Today I received an 'Anonymous' comment from someone who is an opponent of passage of our Measure C, the Charter City creating ballot measure that will be voted on, on or before March 8, depending on whether voters use absentee ballots or walk into polling places.
The comment was regarding my posting on January 13, 2011 titled:
Measure C, Rancho Palos Verdes As A Charter City, My Thoughts, linked here via,
http://eastrpv.blogspot.com/2011/01/measure-c-rancho-palos-verdes-as.html
Here is the comment which I will follow up with my own perspective on the comment.

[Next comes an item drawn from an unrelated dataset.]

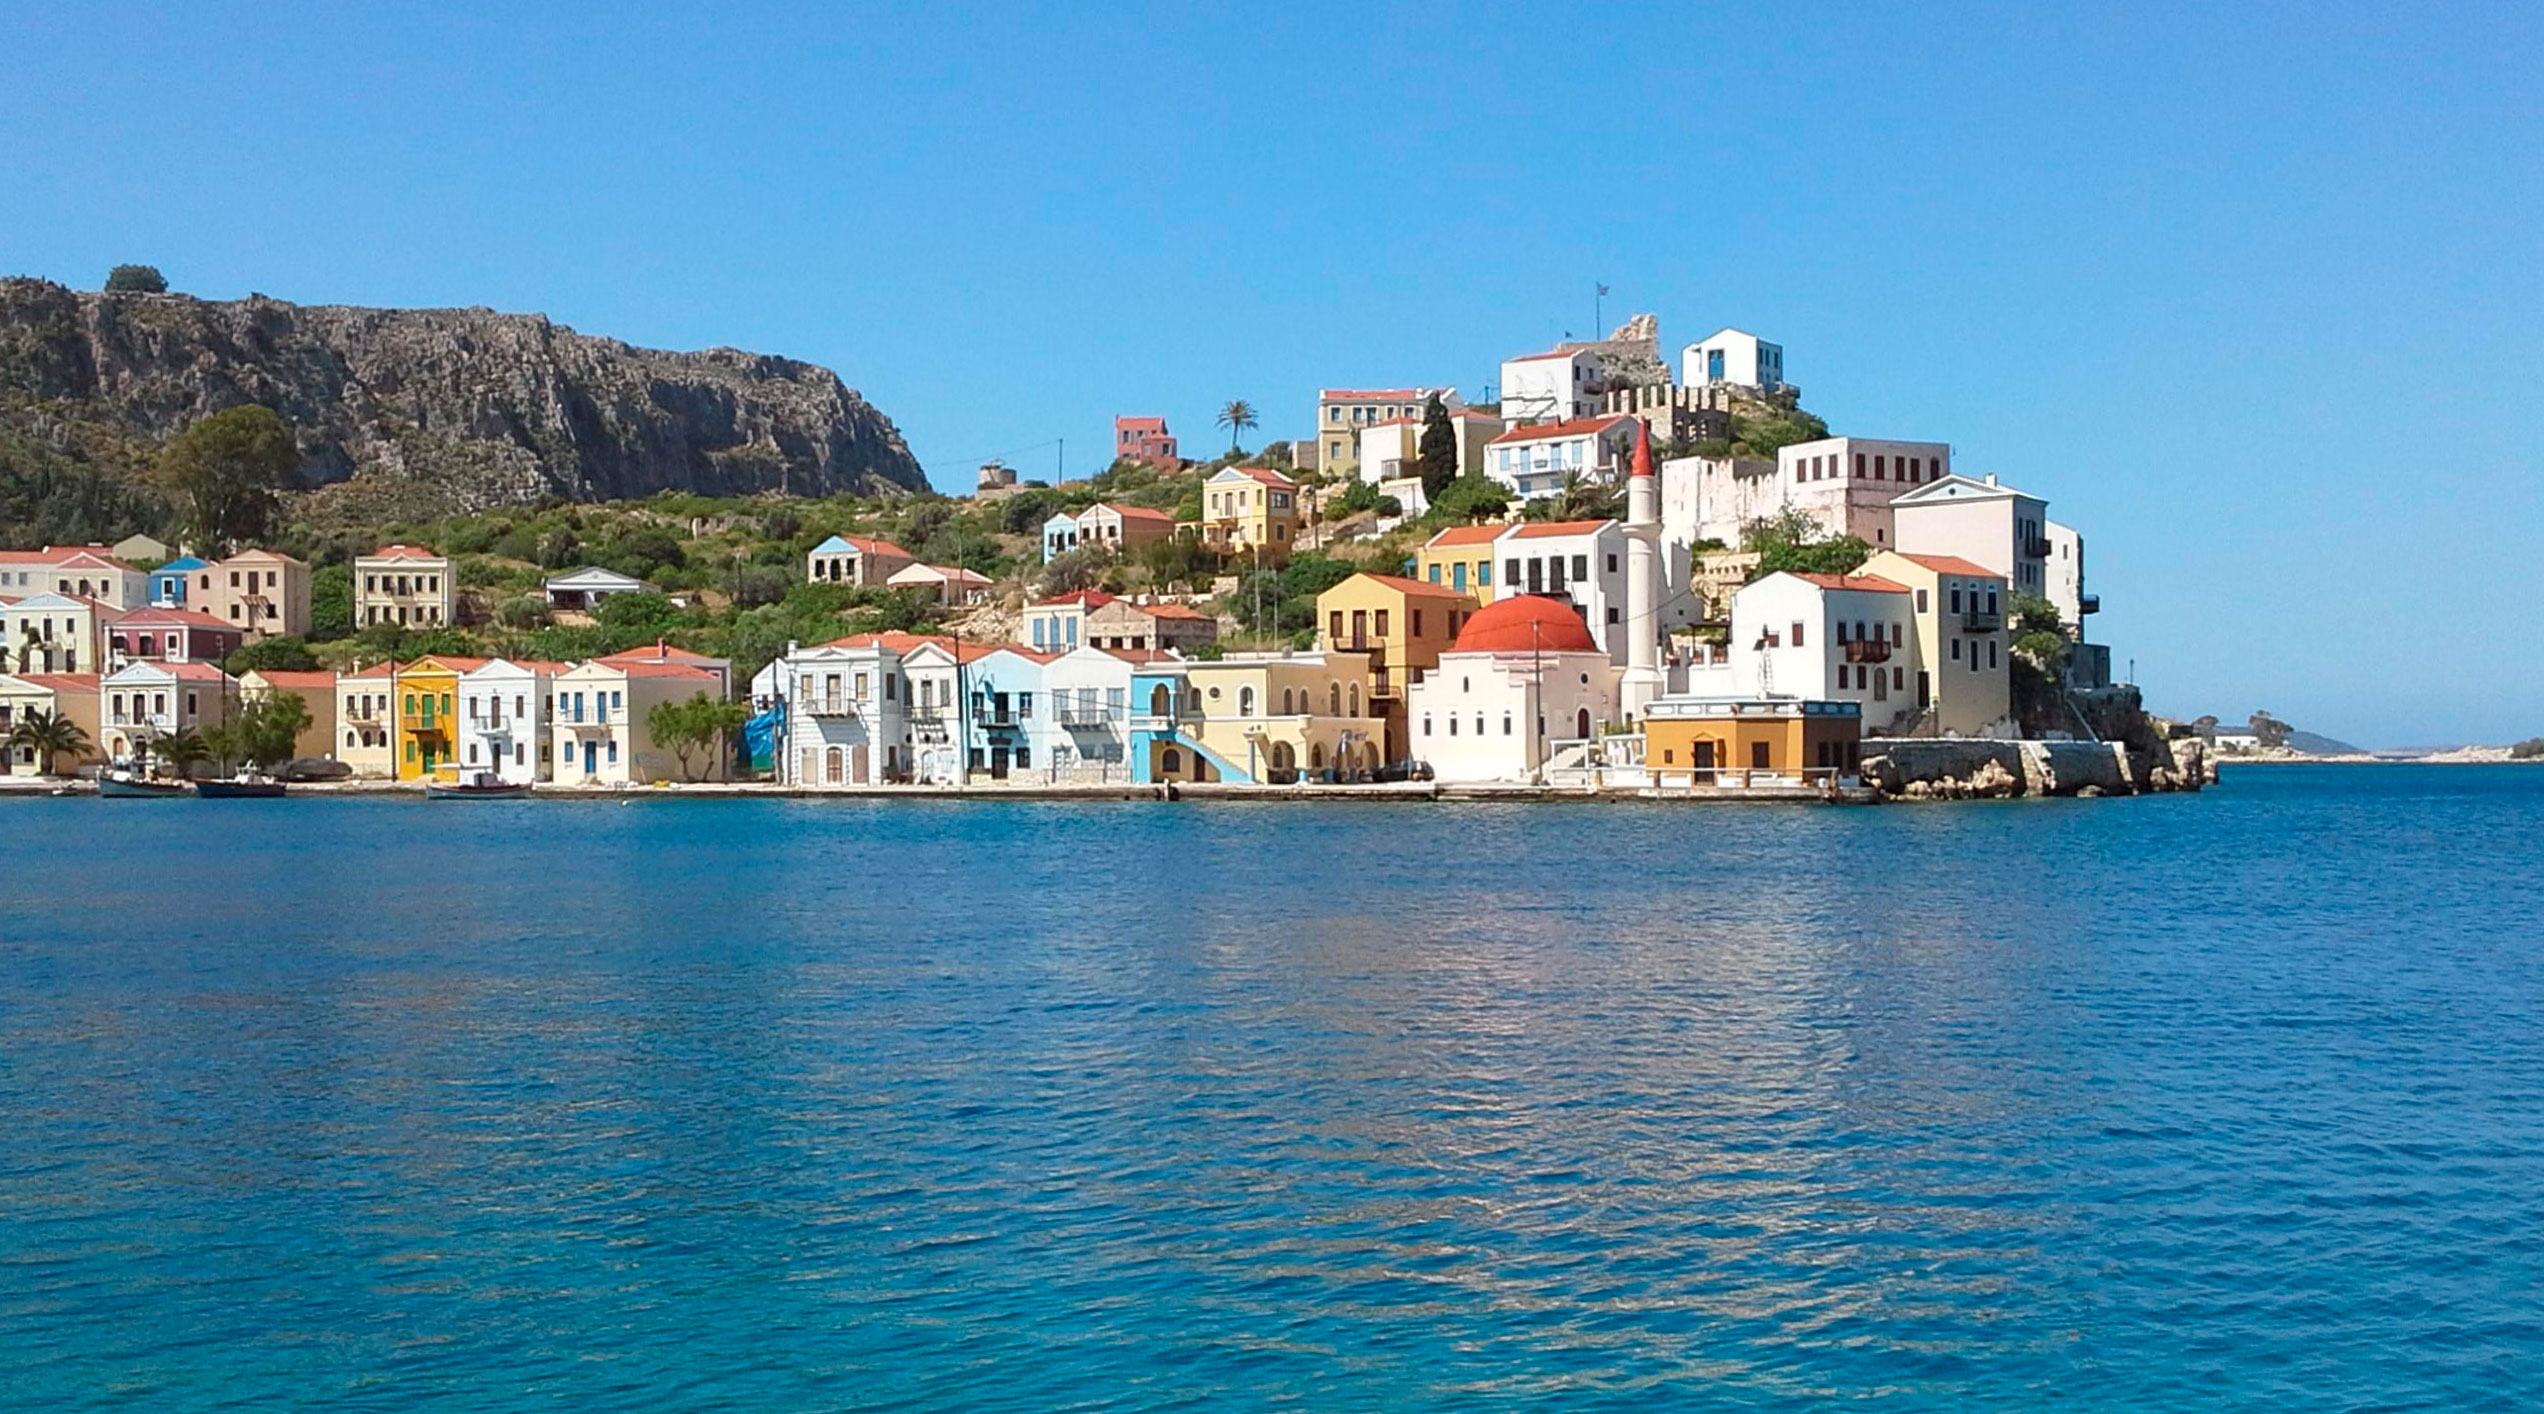 греческий остров Кастелоризо – без визы в 2019 году

"To answer your question Jeff, the following are just a couple of the reasons why we should delay:
(1) There is a case currently pending before the California Supreme Court (involving the City of Vernon's (Vista's) charter) that will address whether charter cities can truly exempt themselves from CA's prevailing wage statute. If Vernon (Vista) loses this case then the financial benefit you are touting will evaporate. In such case, the typical costs of administrating, amending, and defending our own unique charter (vs piggy-backing off of the state rules, as most cities do) most surely would become a financial drain on the city. Although Vernon (Vista) received a favorable ruling from the appeals court, it did so only by a split vote. The strongly worded dissent was very compelling (it's worth a read, if you haven't seen it). So I think it is far from certain that the appellate decision will be affirmed and that the claimed financial benefits for a charter form of city government will be realizable.
(2) The fact that the city council and a few citizens have sporadically addressed this issue over the last year is irrelevant. What matters is the effort the city has put into studying this change and informing the electorate about the true impact of this charter. This is perhaps he most important measure in the history of our city. Adopting the charter will have the effect of repealing hundreds of well-developed and time-tested statutory provisions that currently govern us. For the sake of expediency and to reduce costs the city council has drafted a charter that replaces all these laws with a bare bones outline. (This approach is particularly striking when you compare the far more robust charters that have been effectively used by Redondo Beach and Torrance.) With a few very limited exceptions, we have no idea what the city council members(or their potential successors) intend to do to replace all of these existing laws. We are expected to just trust them to do the right thing. But it is difficult to trust them when it was the council itself that drafted this charter instead of a broadbased community panel. Fundamental reform of this magnitude should not be based on the comments of a couple of people at a few meetings. The council should have affirmatively engaged residents to take an active rule in studying whether and to what extent our city government should be reformed.
Having the city council grant themselves carte blanche to proceed as they see fit is a poor process for reforming our city government, and so I agree with Mark that this process was definitely too rushed and should not have been placed on the March ballot."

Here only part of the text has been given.